◆ Extracted data:
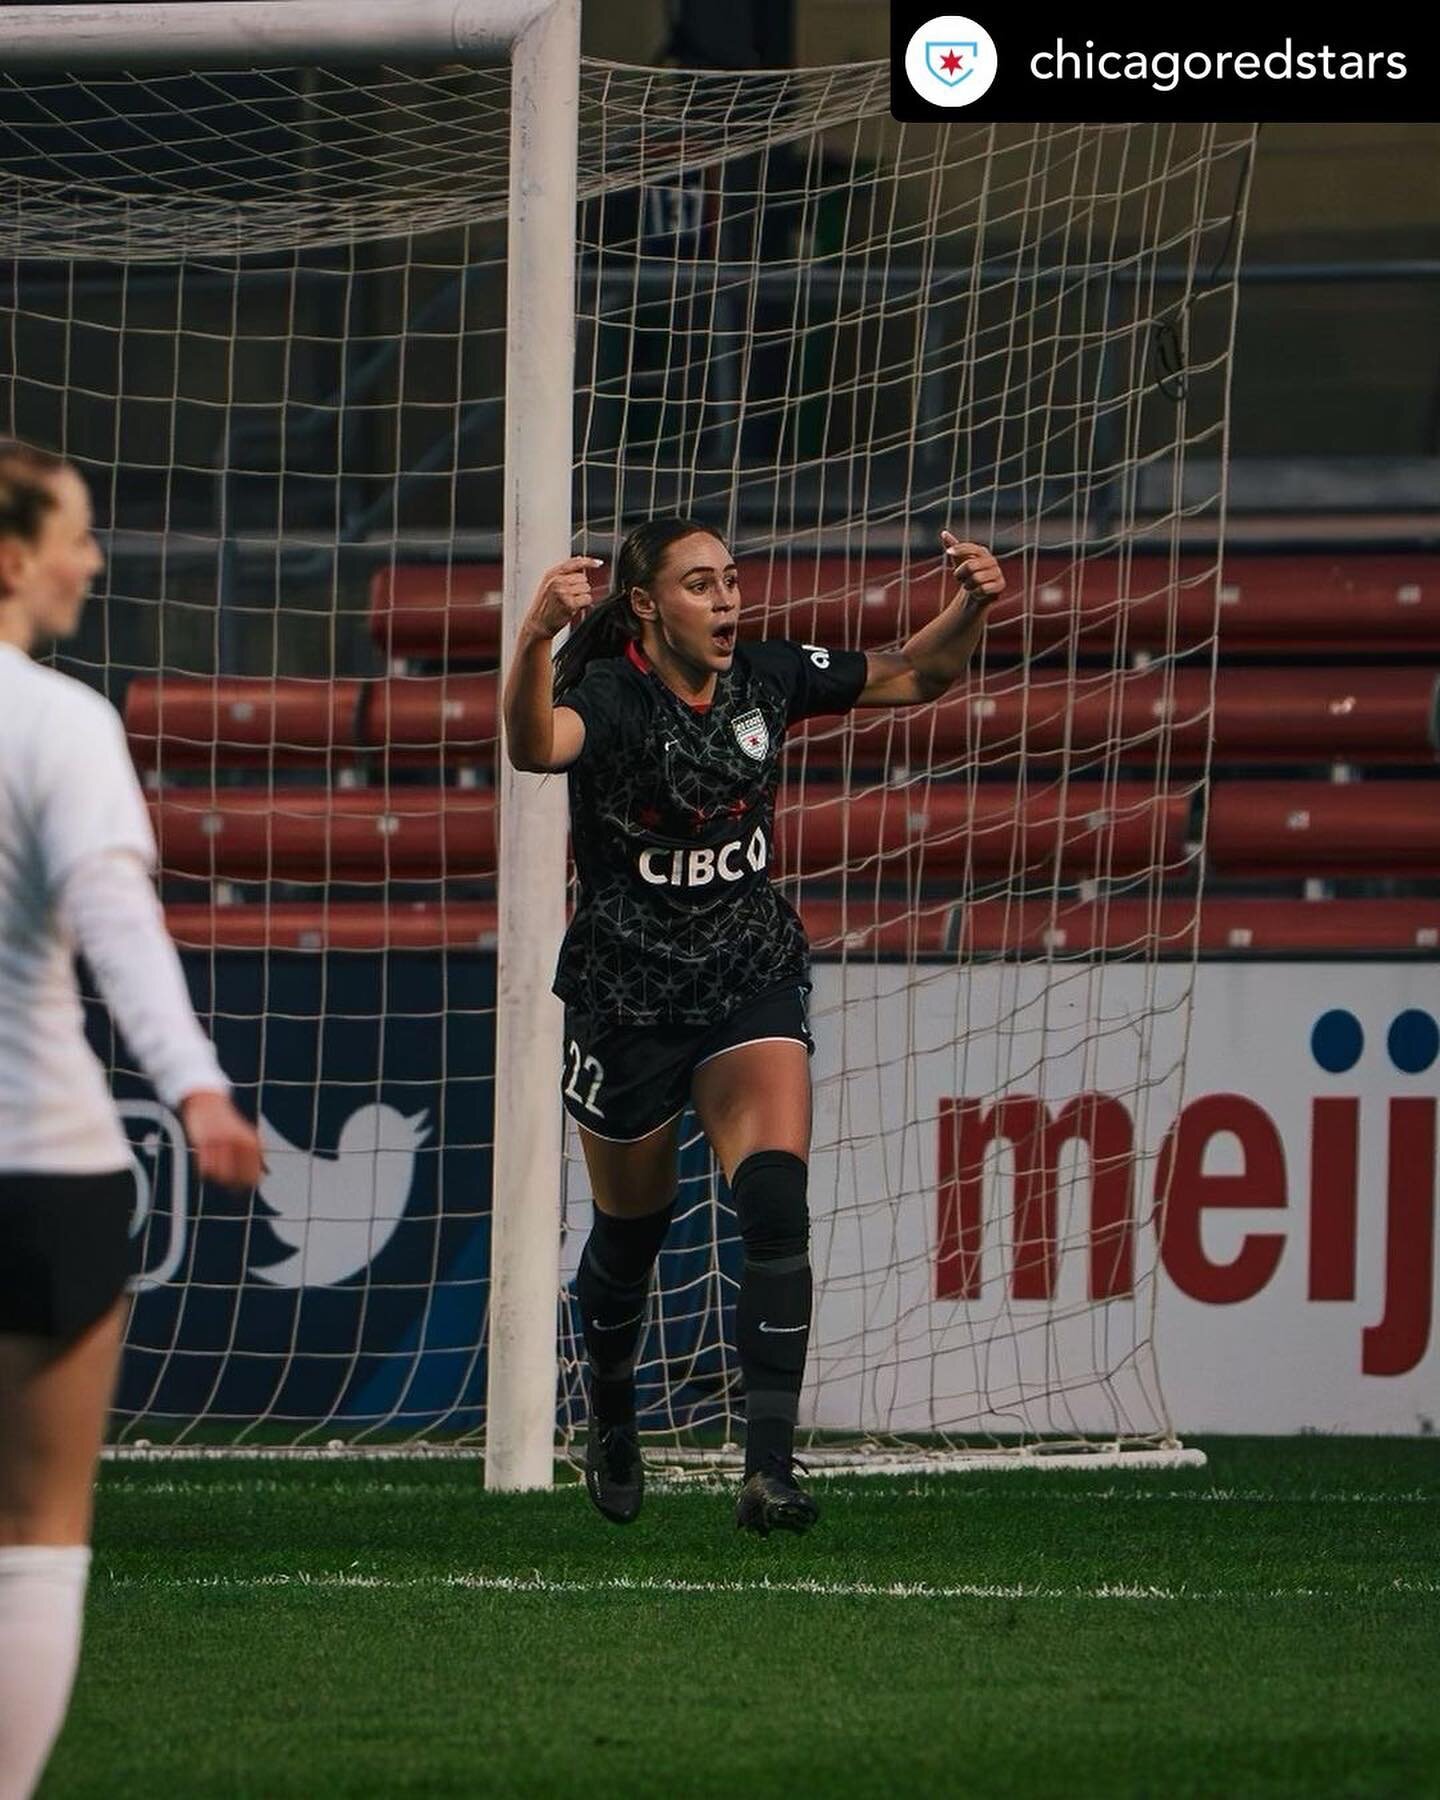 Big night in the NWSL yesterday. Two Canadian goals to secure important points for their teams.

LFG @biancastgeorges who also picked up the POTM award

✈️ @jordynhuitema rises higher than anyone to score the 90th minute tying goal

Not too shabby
---
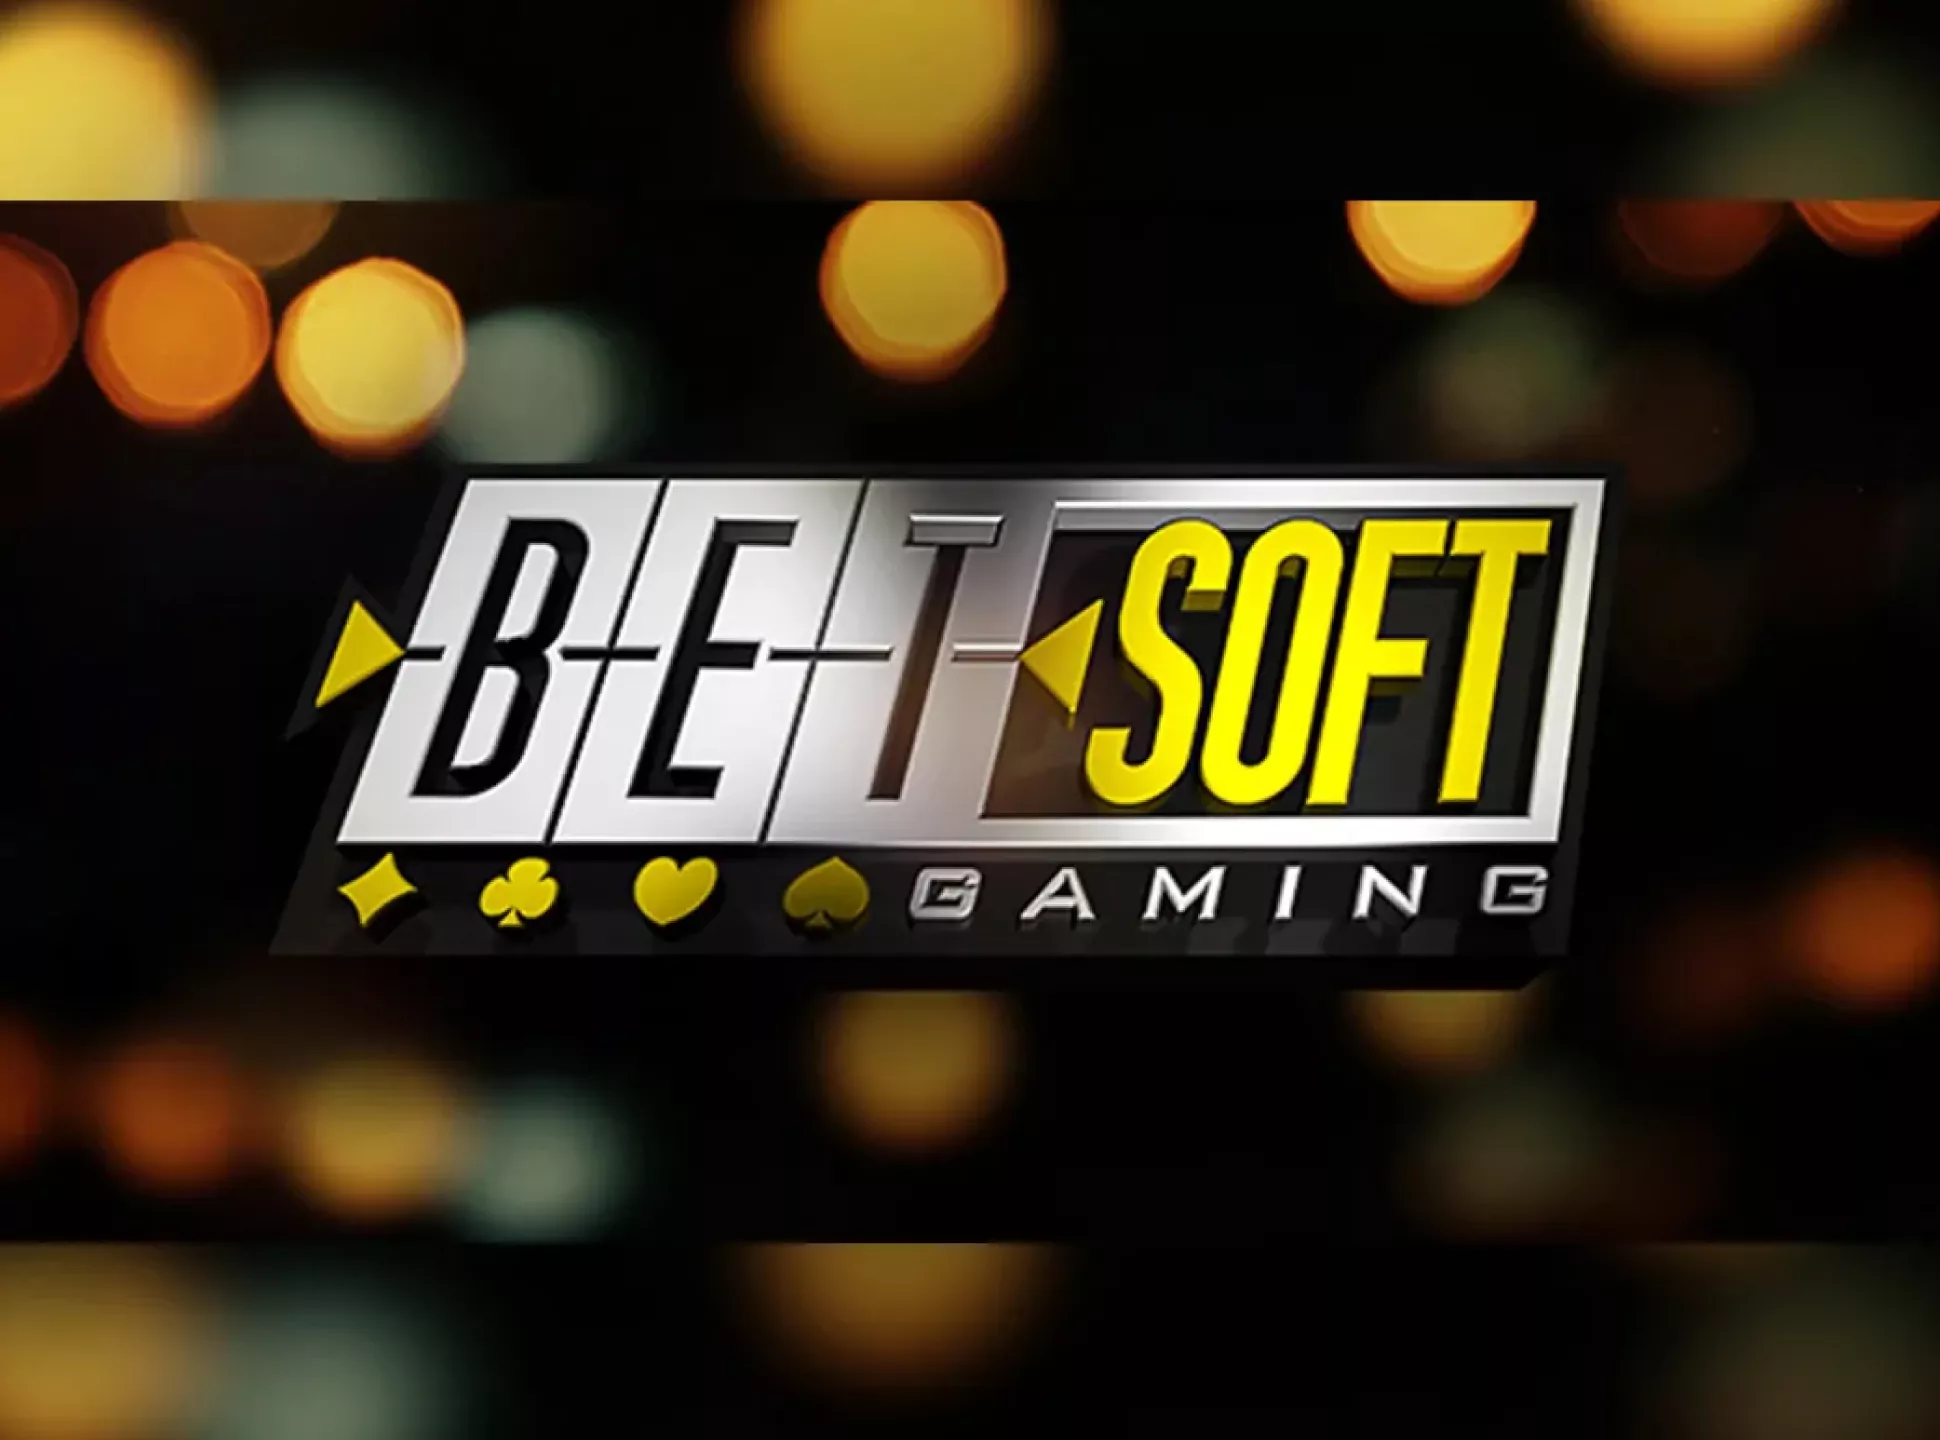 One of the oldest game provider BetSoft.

◆ Problem requirements: Write out, word for word, the stretch of entries that begins at the line with "Big night in" and ends at the line with "Not too shabby". Pictures do not belong in it.

◆ Response area:
 Big night in the NWSL yesterday. Two Canadian goals to secure important points for their teams.

LFG @biancastgeorges who also picked up the POTM award

✈️ @jordynhuitema rises higher than anyone to score the 90th minute tying goal

Not too shabby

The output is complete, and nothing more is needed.